Evidently, all three aspects of independence intend to protect the Office of the Ombudsman from political harassment and
pressure, so as to free it from the "insidious tentacles of politics."
That being the case, the concept of Ombudsman independence cannot be invoked as basis to insulate the Ombudsman from
judicial power constitutionally vested unto the courts. Courts are apolitical bodies, which are ordained to act as impartial tribunals
and apply even justice to all. Hence, the Ombudsman's notion that it can be exempt from an incident of judicial power - that is, a
provisional writ of injunction against a preventive suspension order - clearly strays from the concept's rationale of insulating the
office from political harassment or pressure.
(Note: SC still has no rules pertaining to issuance of WPI on preventive suspension; so while they are trying to formulate the rules,
first paragraph of Sec. 14 RA 6670 is suspended).

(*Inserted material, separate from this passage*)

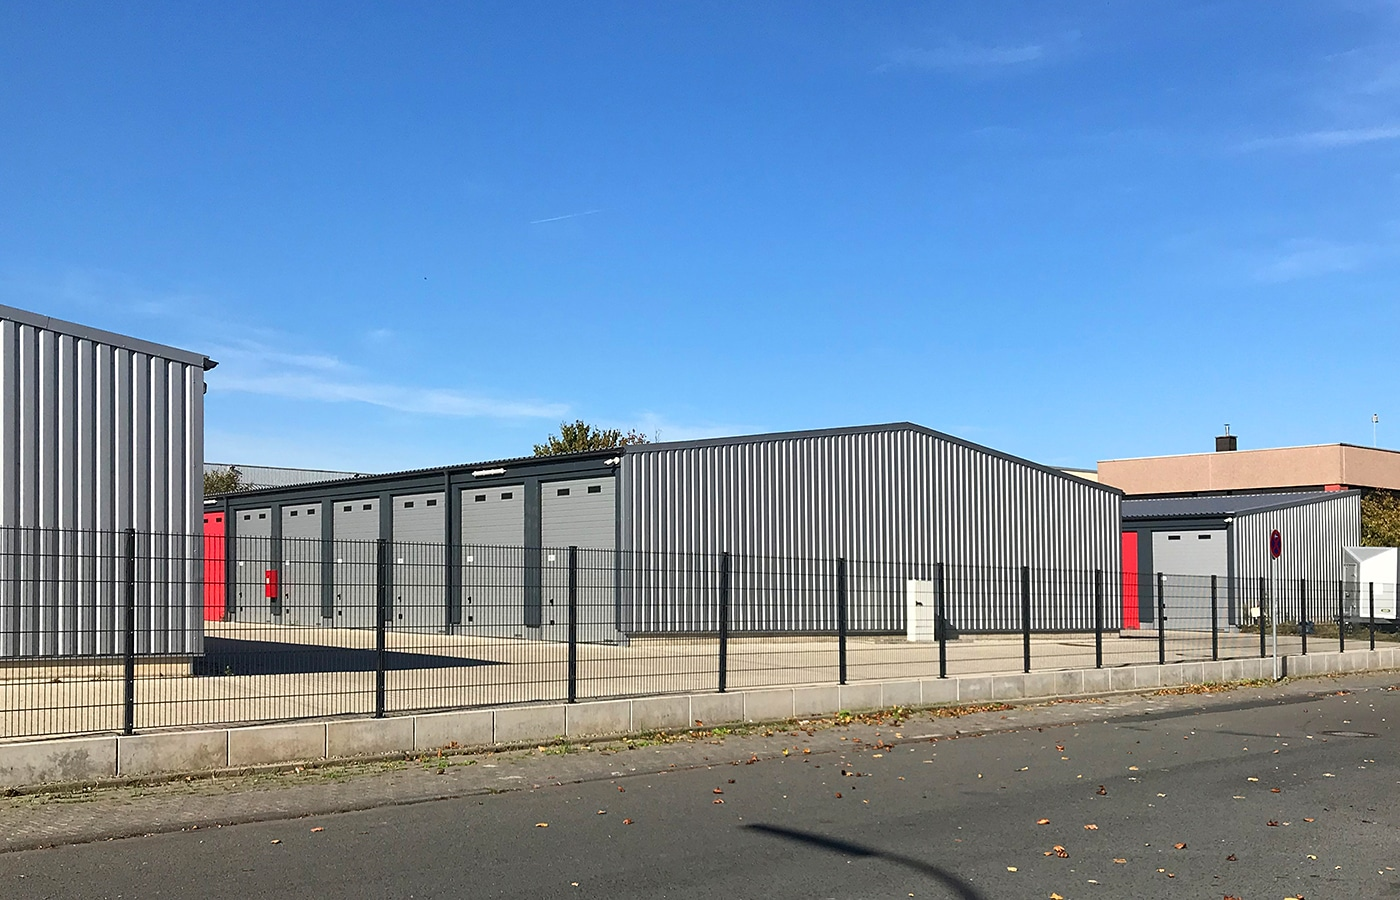 Gelände Garagenpark Storage Köln Rodenkirchen · Architektin AKNW Dipl.-Ing. Lubov · Architekt / Architekturbüro Köln

Meanwhile, CA had the authority to issue the questioned injunctive writs
enjoining the implementation of the preventive suspension order against Binay, Jr. At the risk of belaboring the point, these
issuances were merely ancillary to the exercise of the CA's certiorari jurisdiction conferred to it under B.P. 129.
Whether or not the CA's directive for the Ombudsman to ' comment on Binay, Jr.'s petition for contempt is improper and
illegal.
Even if the Ombudsman accedes to the CA's directive by filing a comment, wherein she may properly raise her objections to the
contempt proceedings by virtue of her being an impeachable officer, the CA, in the exercise of its sound judicial discretion, may still
opt not to give due course to Binay, Jr.'s contempt petition and accordingly, dismiss the same. Sjmply put, absent any indication
that the contempt petition has been given due course by the CA, it would then be premature for this Court to rule on the issue. The
submission of the Ombudsman on this score is perforce denied.